▸ **TASK DETAILS**
The answer must be the full listing, word for word, with no pictures in it.

▸ **COLLECTED DATA**

=-=-=

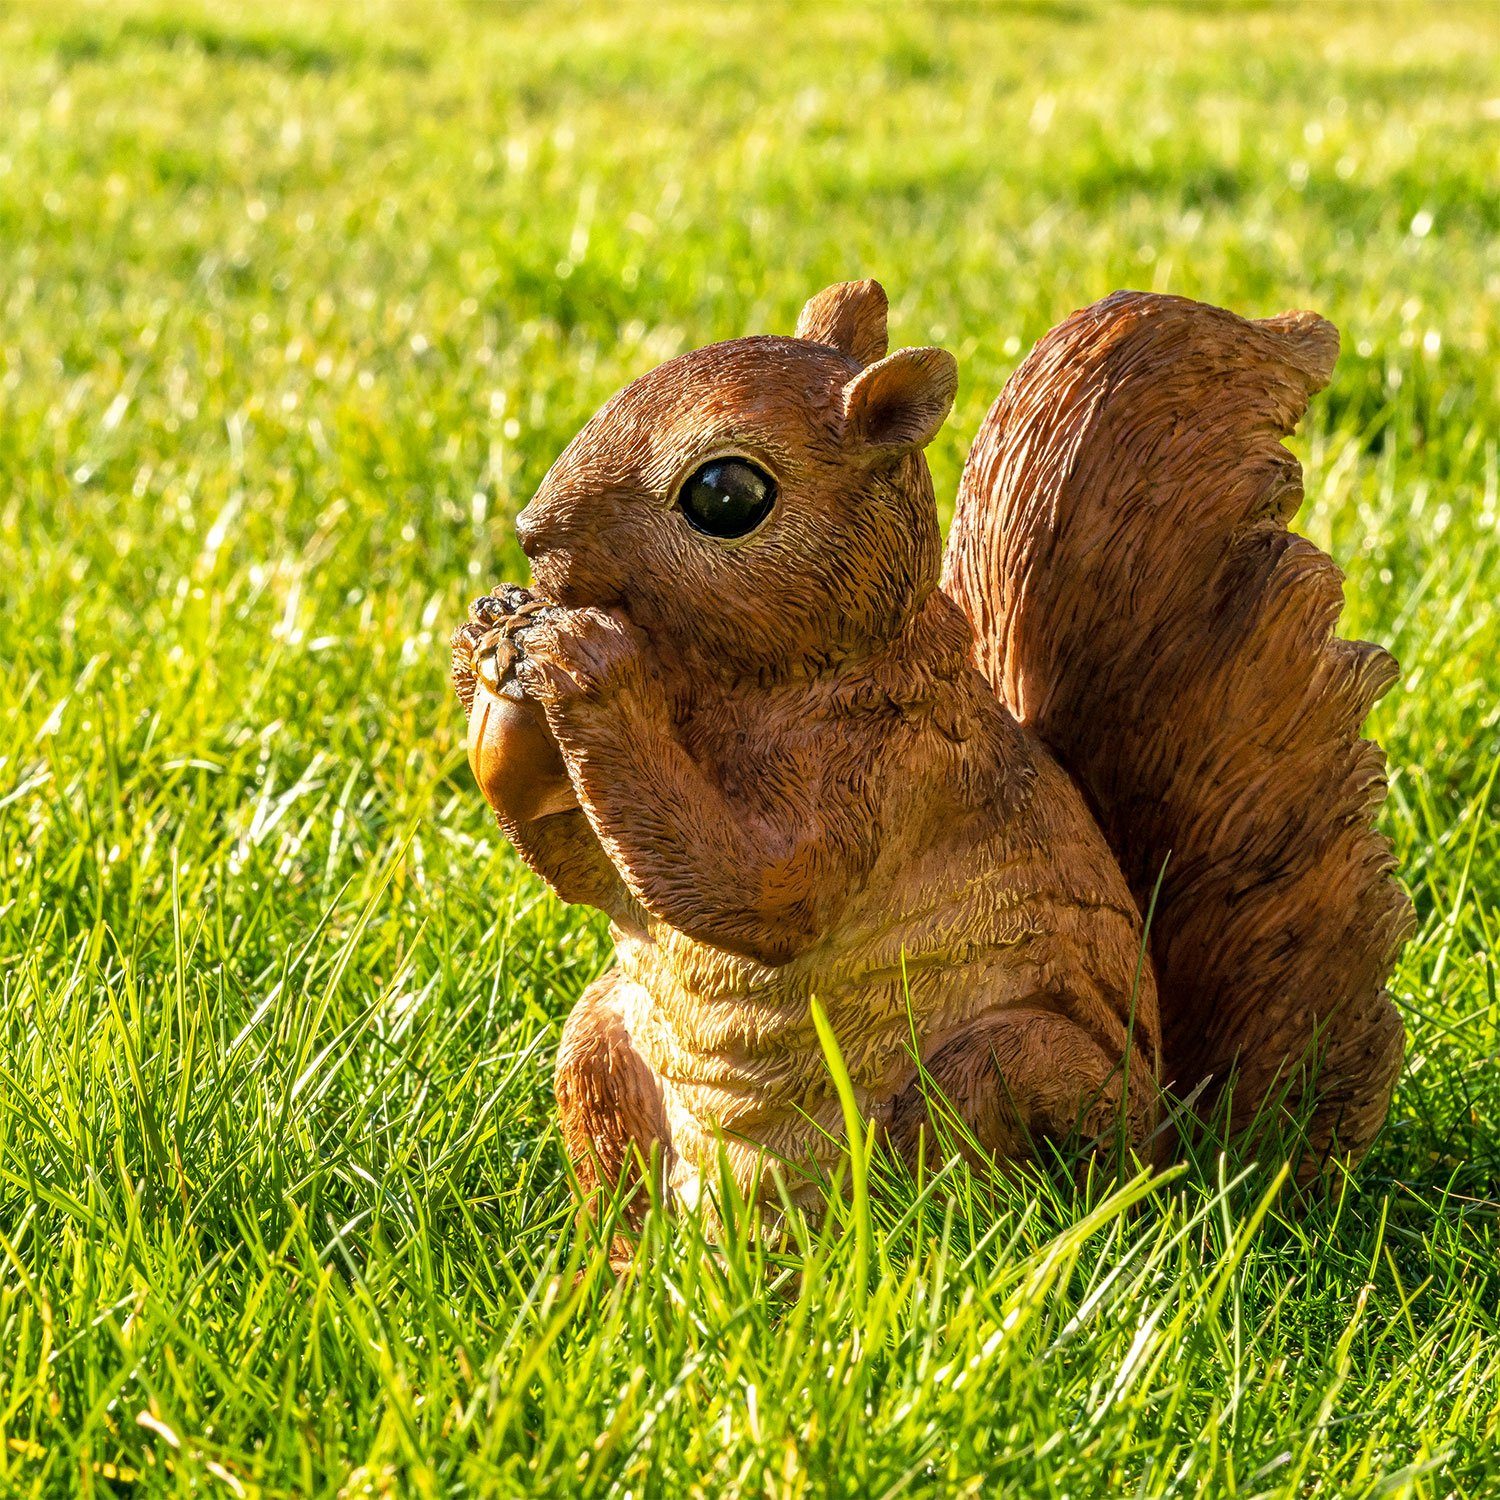 VERDOBA Gartenfigur Eichhörnchen Figur mit Gartenfigur - Deko Nuss wetterfeste Gartendeko
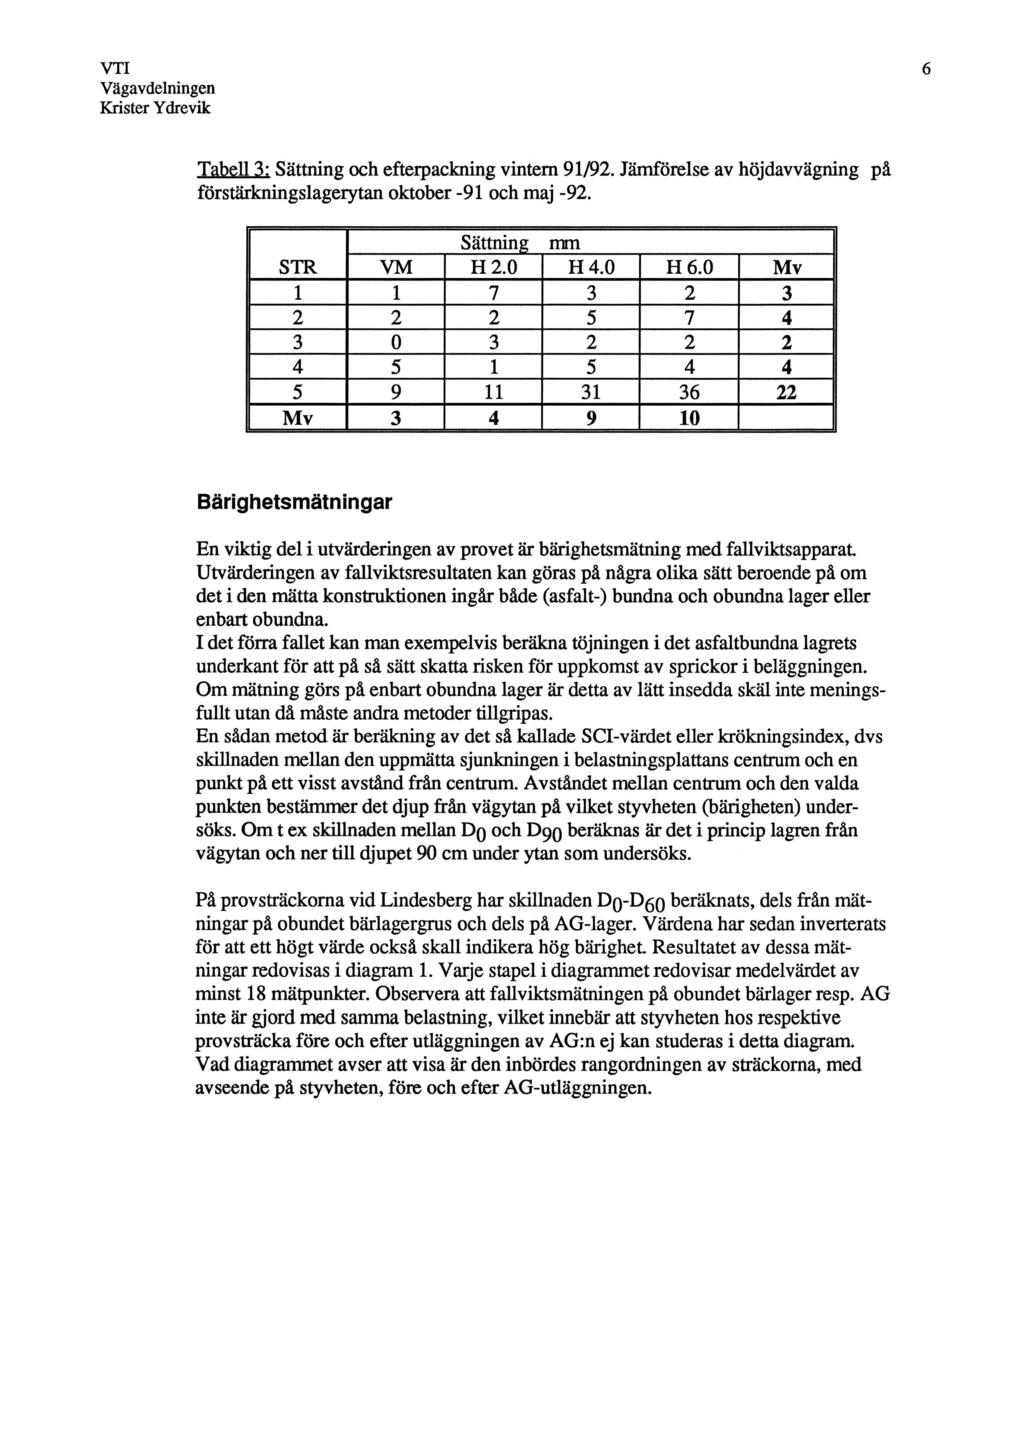 Tabell 3: Sättning och efterpackning vintern 91/92. Jämförelse av höjdavvägning på förstärkningslagerytan oktober -91 och maj -92. Sättning mm STR VM H 2.0 H 4.0 H 6.
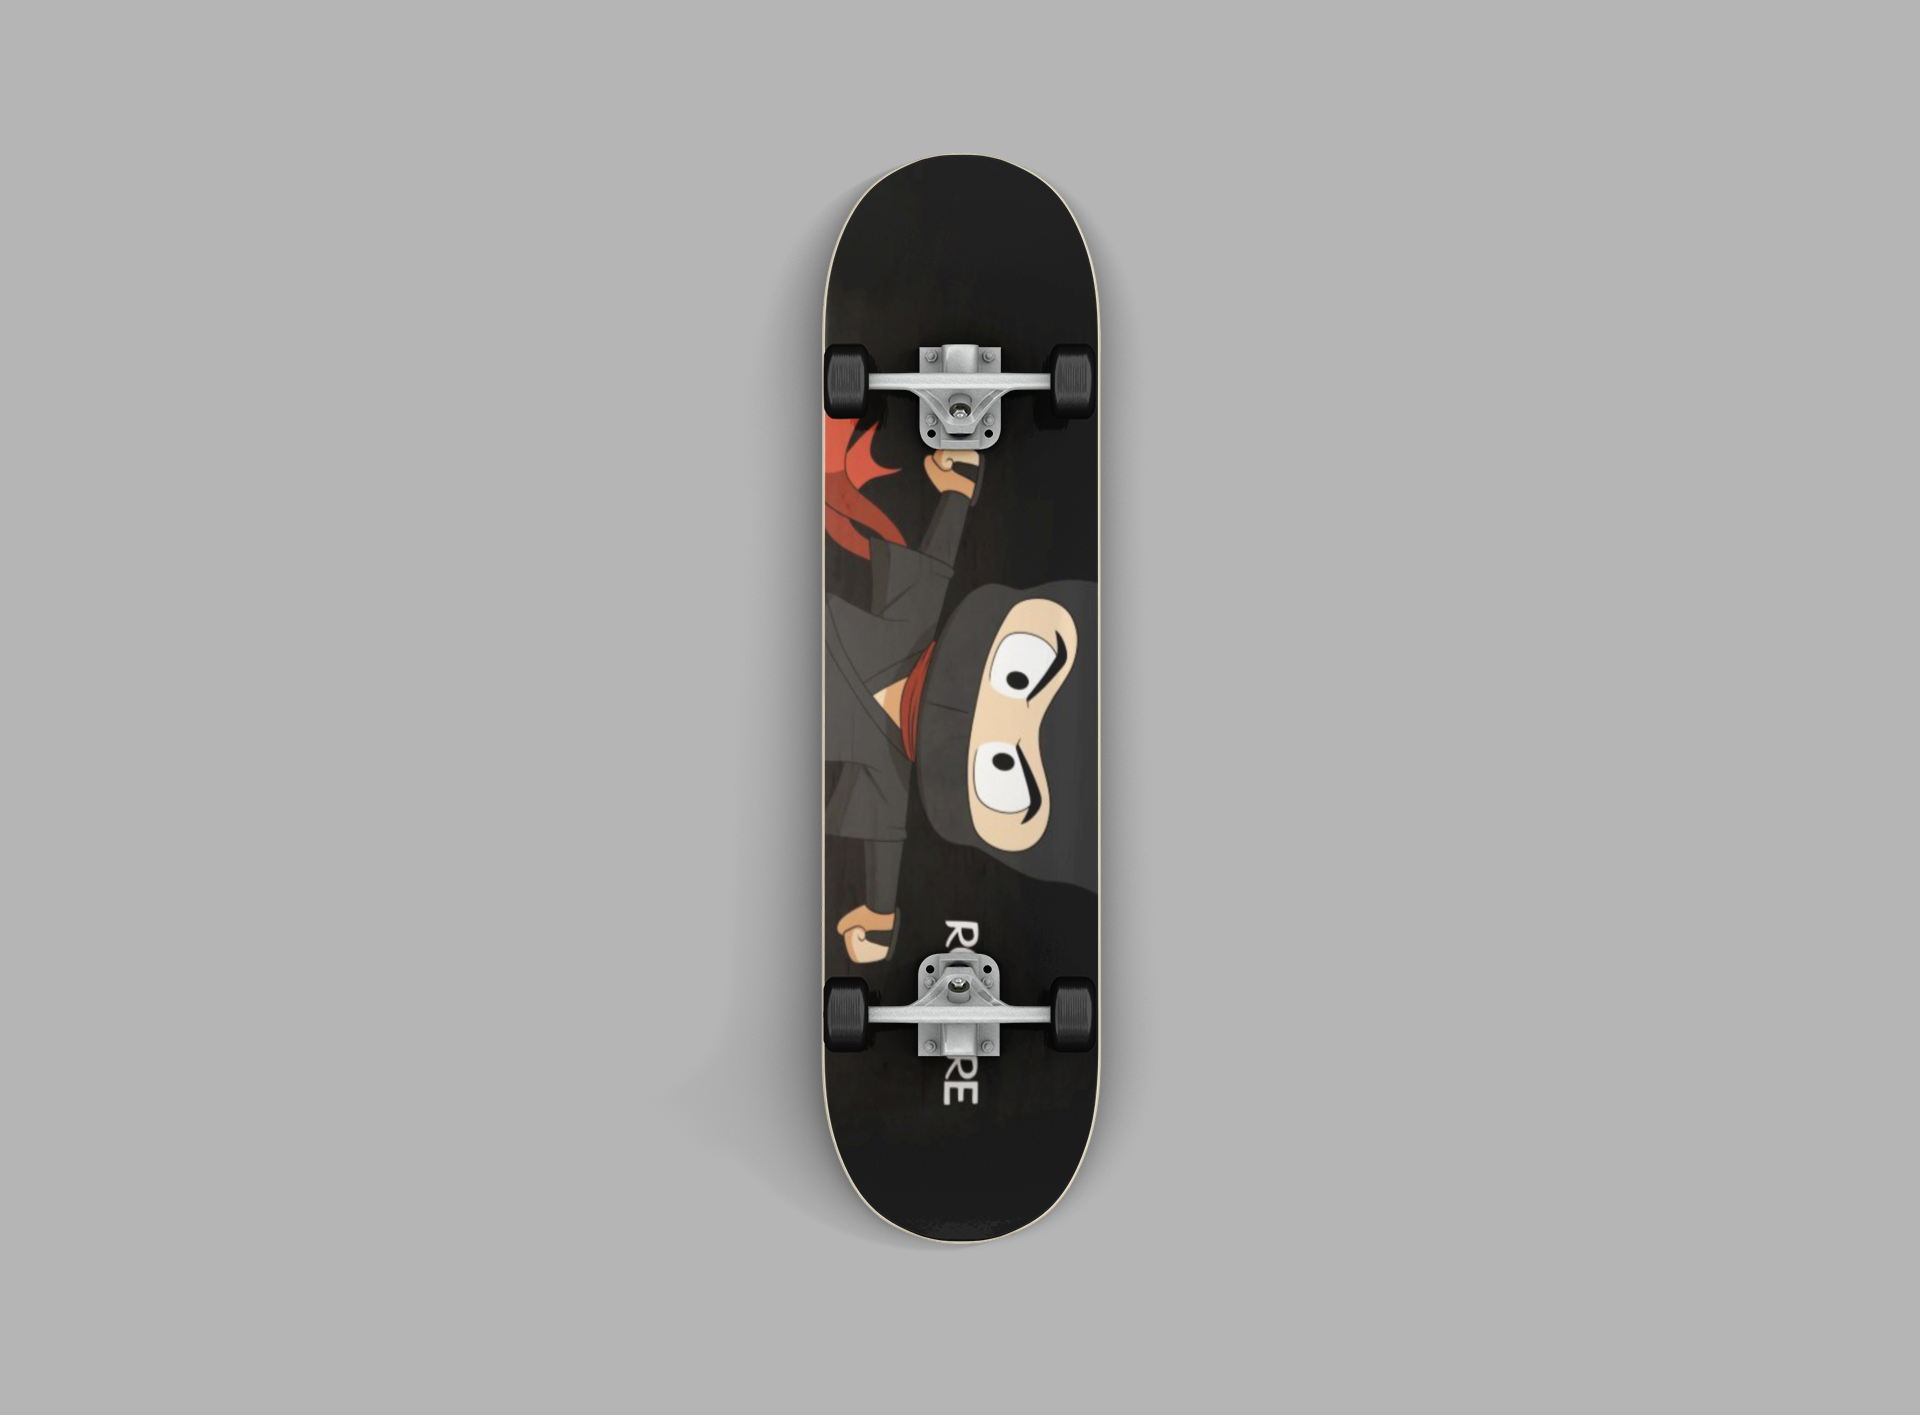 render-mockup-of-a-skateboard-against-a-flat-surface-383-el (2).png

=-=-=

▸ **YOUR SOLUTION**
 VERDOBA Gartenfigur Eichhörnchen Figur mit Gartenfigur - Deko Nuss wetterfeste Gartendeko
 Tabell 3: Sättning och efterpackning vintern 91/92. Jämförelse av höjdavvägning på förstärkningslagerytan oktober -91 och maj -92. Sättning mm STR VM H 2.0 H 4.0 H 6.
 render-mockup-of-a-skateboard-against-a-flat-surface-383-el (2).png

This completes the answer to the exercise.